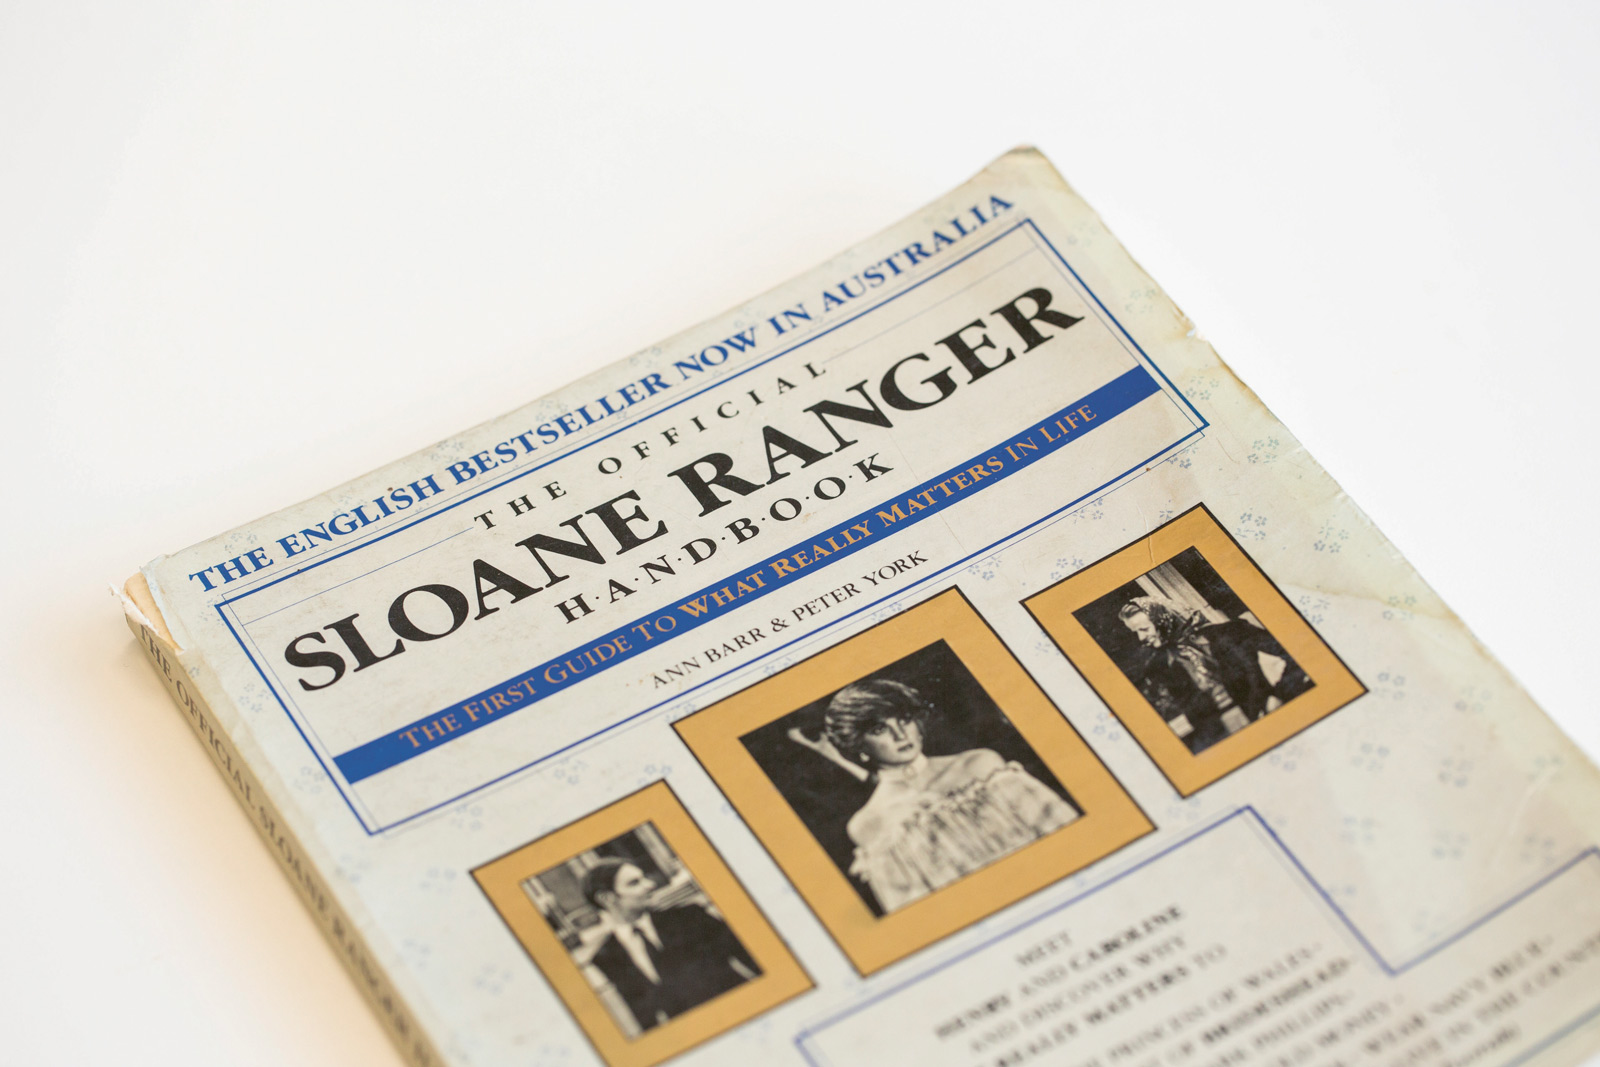 Official Sloane Ranger Handbook
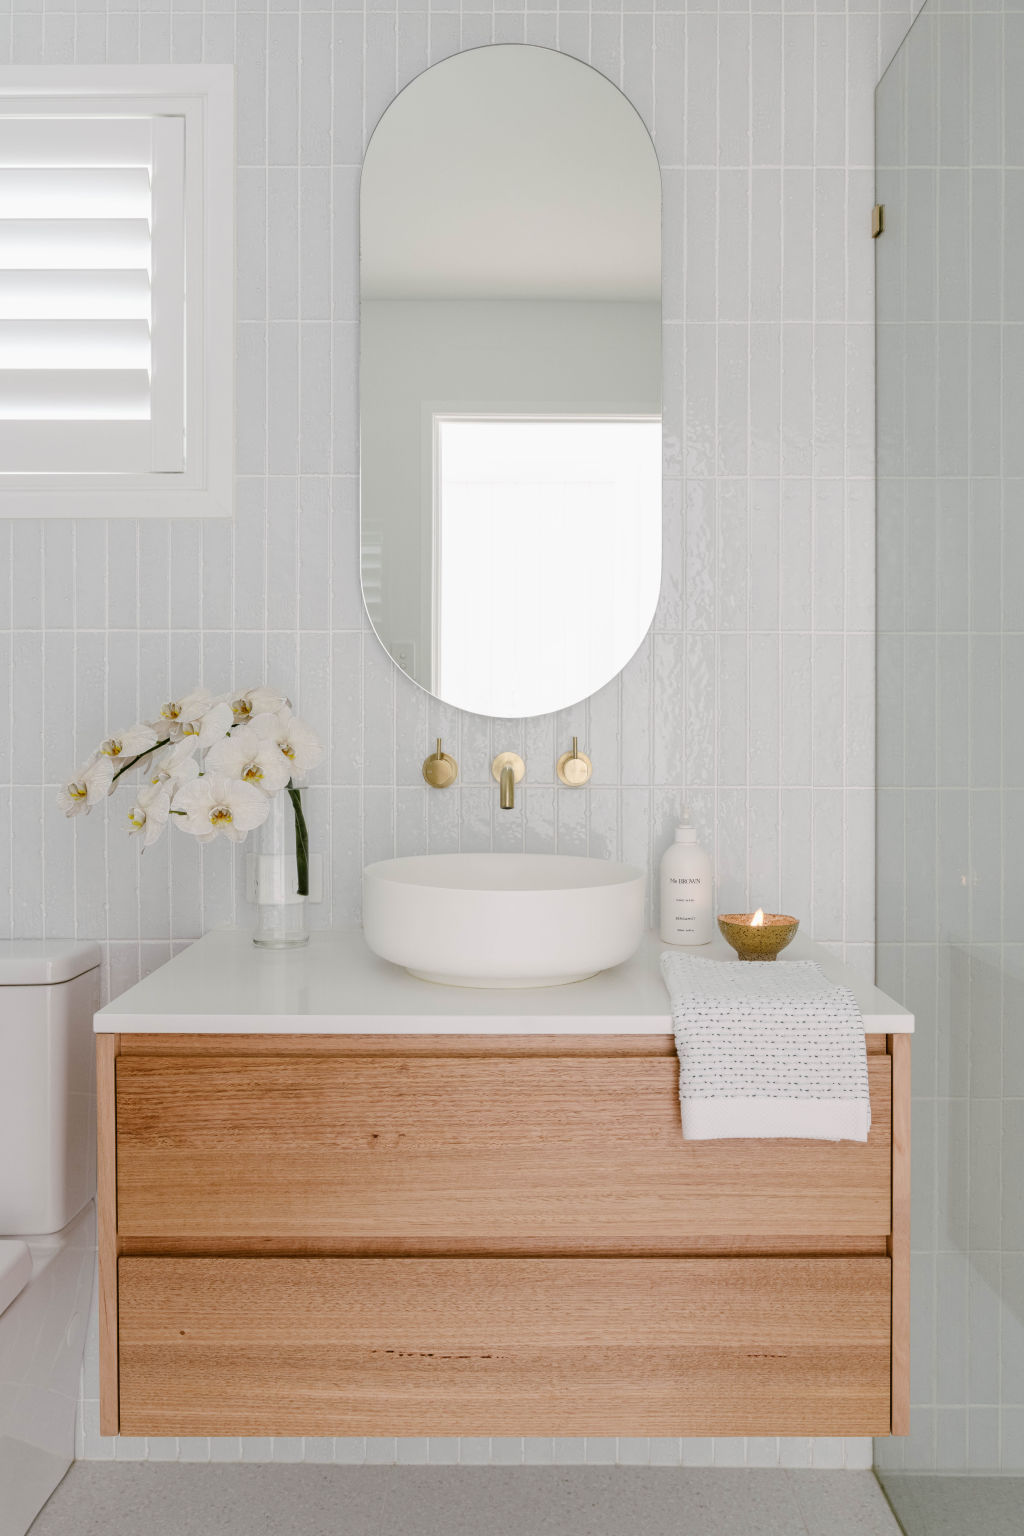 The bathroom features handmade “kit-kat” tiles, a custom vanity and brushed brass tapware. Photo: Hannah Puechmarin
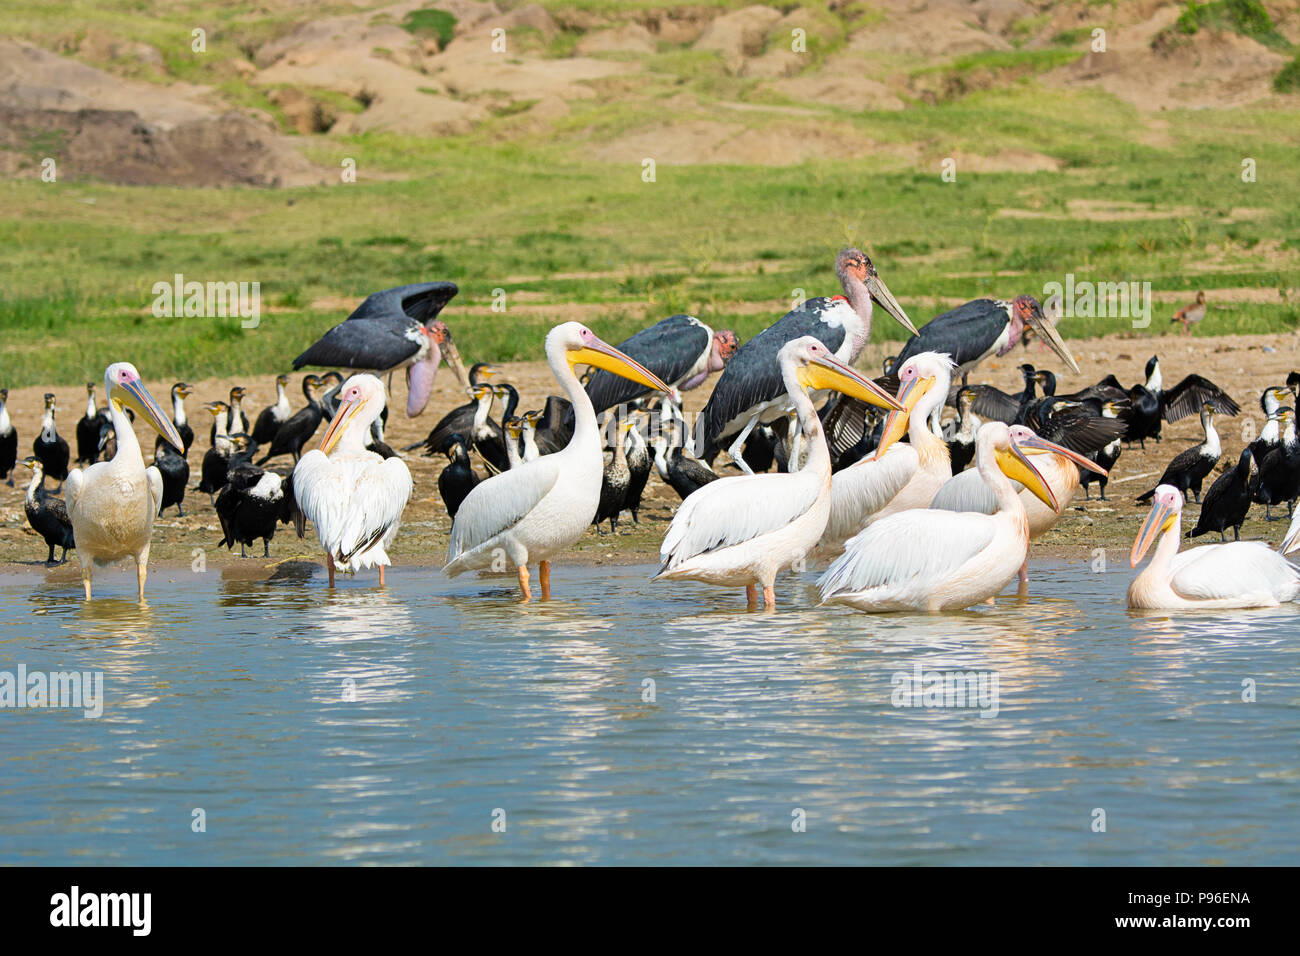 Great White Pelicans, Pelican, White Breasted Cormorant, Cormorants and Marabou Storks, Birds Kazinga Channel, Queen Elizabeth National Park, Uganda Stock Photo
________________
▸ Assignment: Your answer must be an exact copy of the data above, minus its pictures.

▸ Answer to the problem:
 Official Sloane Ranger Handbook
 The bathroom features handmade “kit-kat” tiles, a custom vanity and brushed brass tapware. Photo: Hannah Puechmarin
 Great White Pelicans, Pelican, White Breasted Cormorant, Cormorants and Marabou Storks, Birds Kazinga Channel, Queen Elizabeth National Park, Uganda Stock Photo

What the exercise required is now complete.